A qualitative study on museums and LGBTQ issues describes the Unstraight Museum as an online museum based in Stockholm, known in Sweden and internationally for presenting LGBT history through user-contributed stories and objects. The same study notes that the project uses the term “unstraight” to signal a broad, inclusive approach to sexuality and gender, rather than focusing on fixed identity categories.

== Reception and influence ==
In museum-studies literature, the Unstraight Museum appears as a case study in discussions of “queer museums” and radical inclusion. Scholars writing on museums and sexuality reference the project when arguing that practical changes in collecting and exhibition-making can help museums build long-term relationships with marginalized communities, including LGBTQ+ groups.

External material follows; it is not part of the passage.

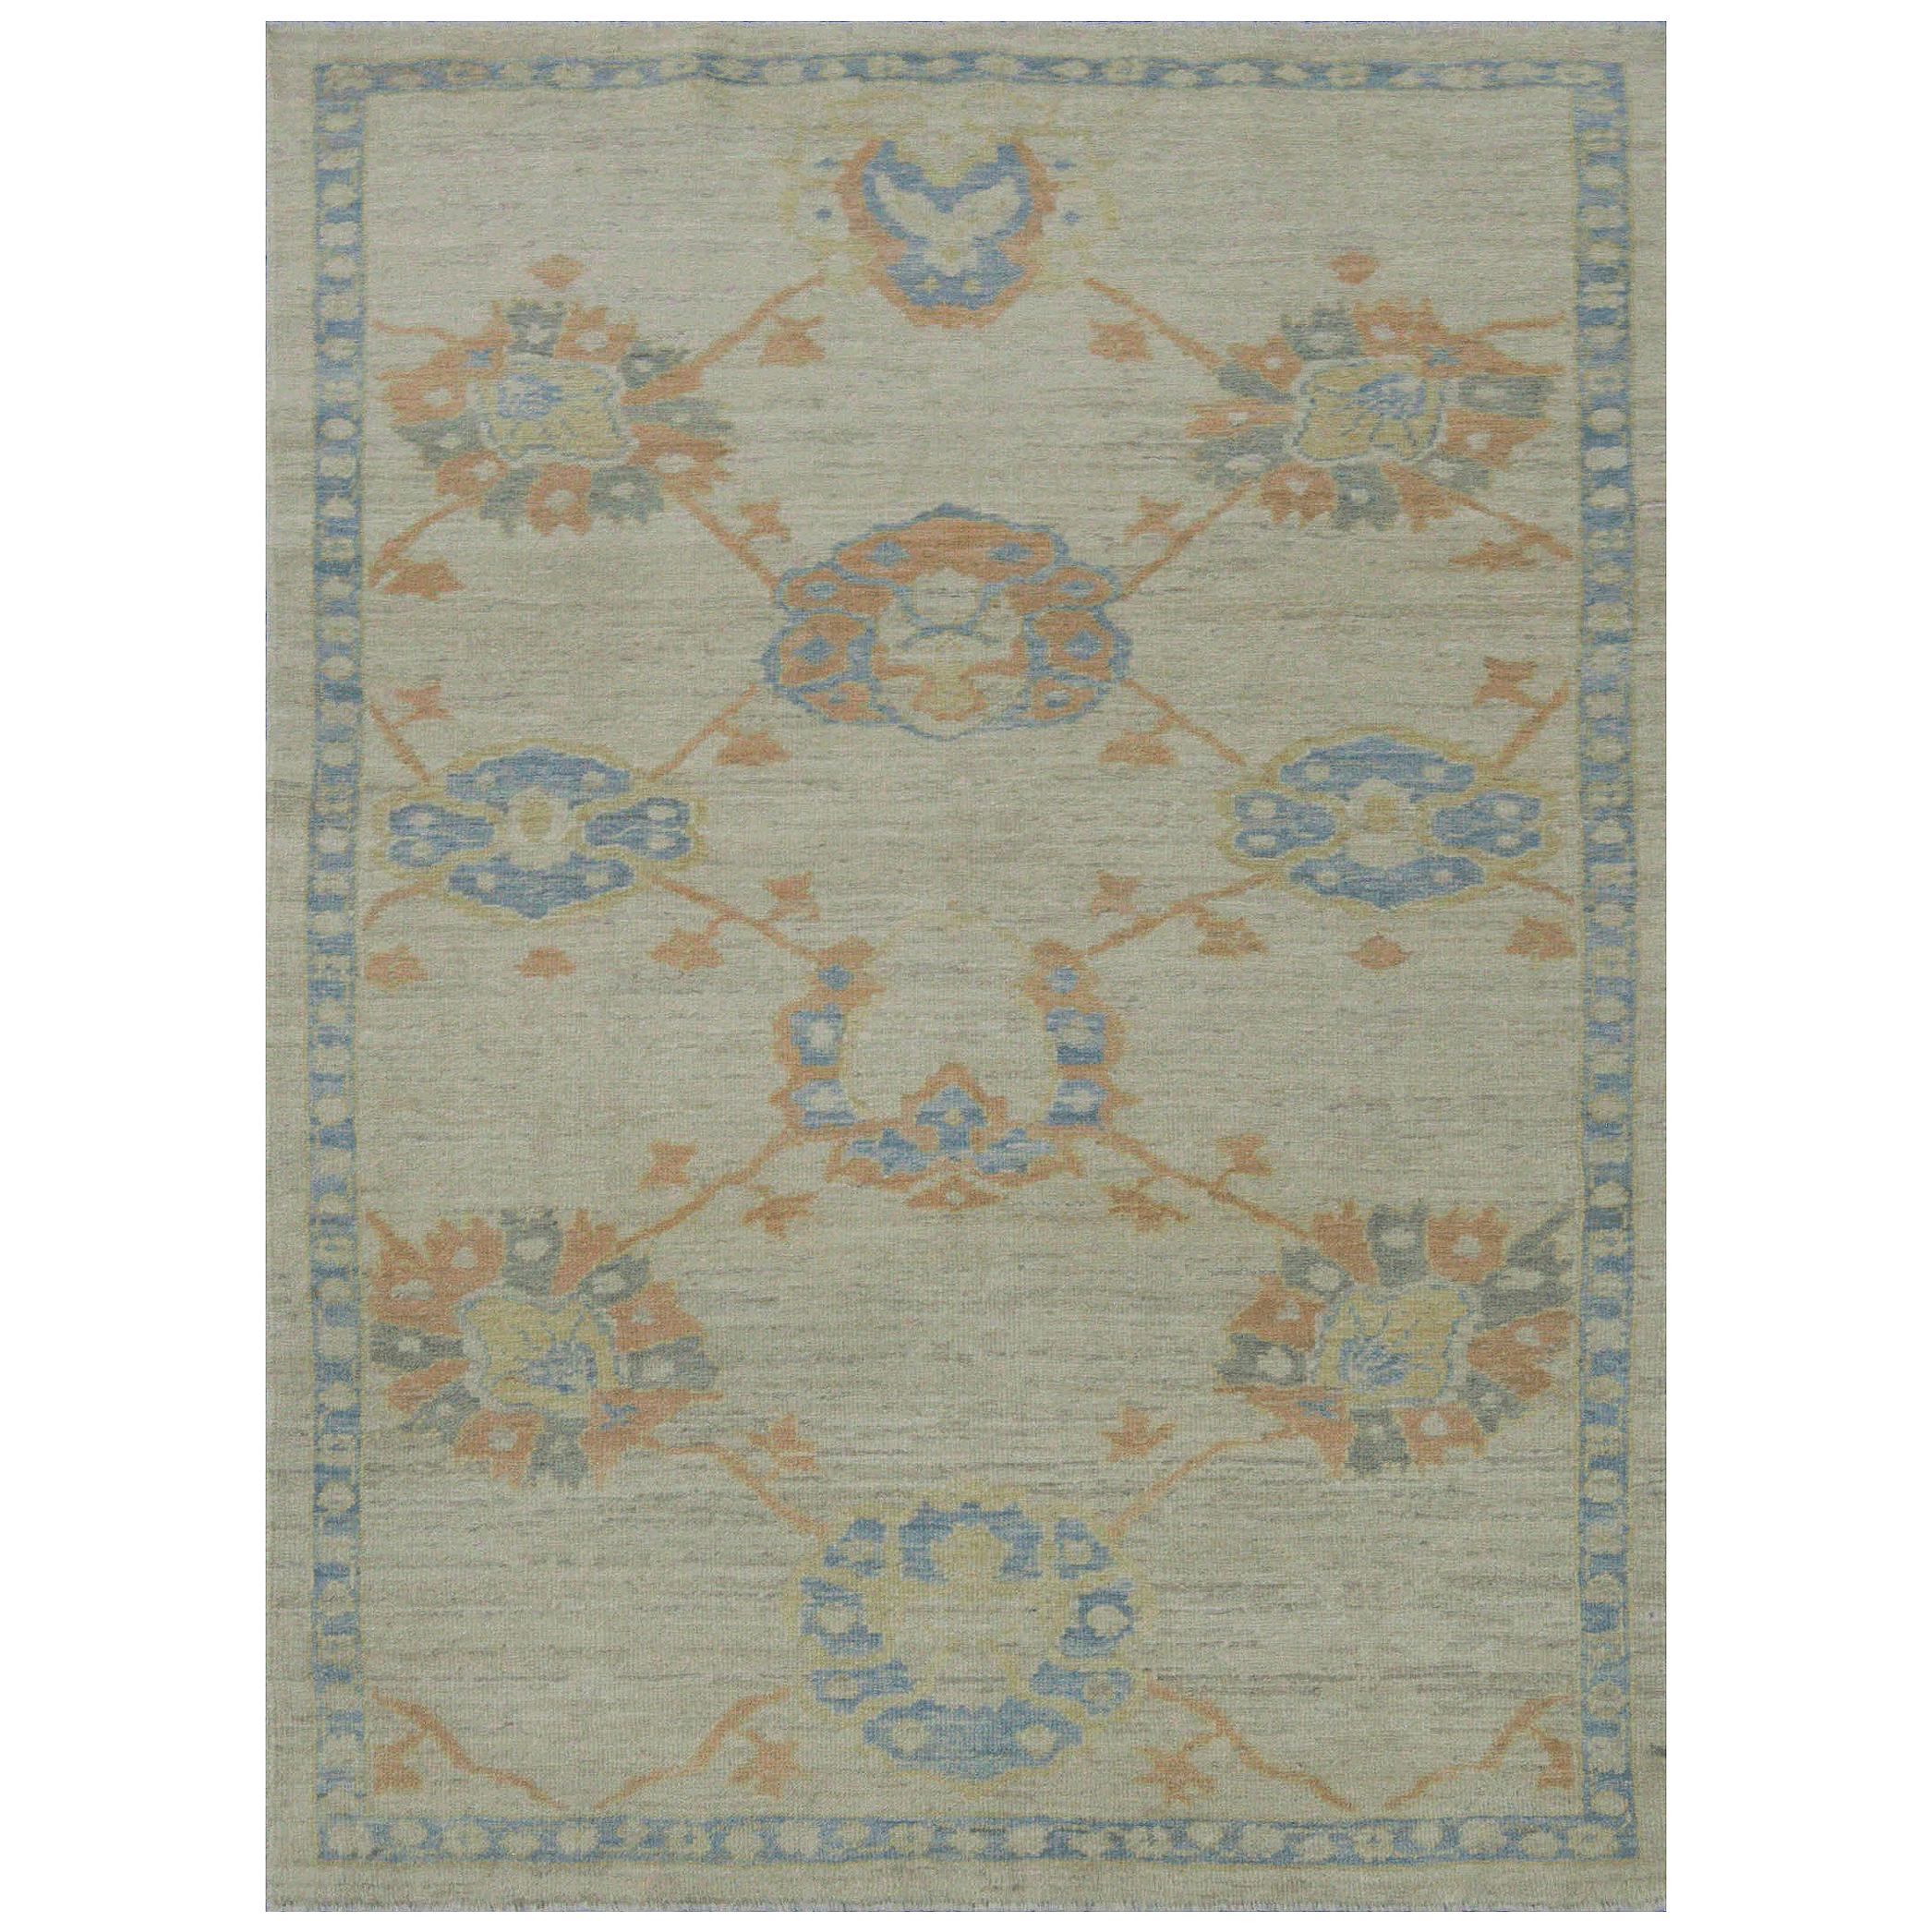 Modern Turkish Oushak Rug with Flower Heads in Blue and Orange on Ivory Field

A Swedish-language article on heritage exhibitions notes the Unstraight Museum among initiatives that challenge conventional expectations of what museums are, and that experiment with participatory forms of curation and digital storytelling. Sector discussions on social history in museums also refer to the Unstraight Museum Conference in 2014 as a significant professional gathering around LGBTQI collections and practice.

== Location and status ==
Reference data in cultural-heritage and authority files list the Unstraight Museum as based in Stockholm, Sweden, and identify it as an independent organization rather than a state museum. Later interviews and project descriptions continue to characterise it as a non-profit initiative working through collaborations, residencies and partnerships rather than maintaining a single permanent exhibition site.

== Exhibitions ==
In 2014, UNESCO, Unstraight Museum, and the World Culture Museum in Göteborg were funded by the Swedish Institute to produce an exhibit in Hanoi. Named the "Unstraight Perspectives", the exhibit was about Hanoi and Göteborg-based LGBT groups.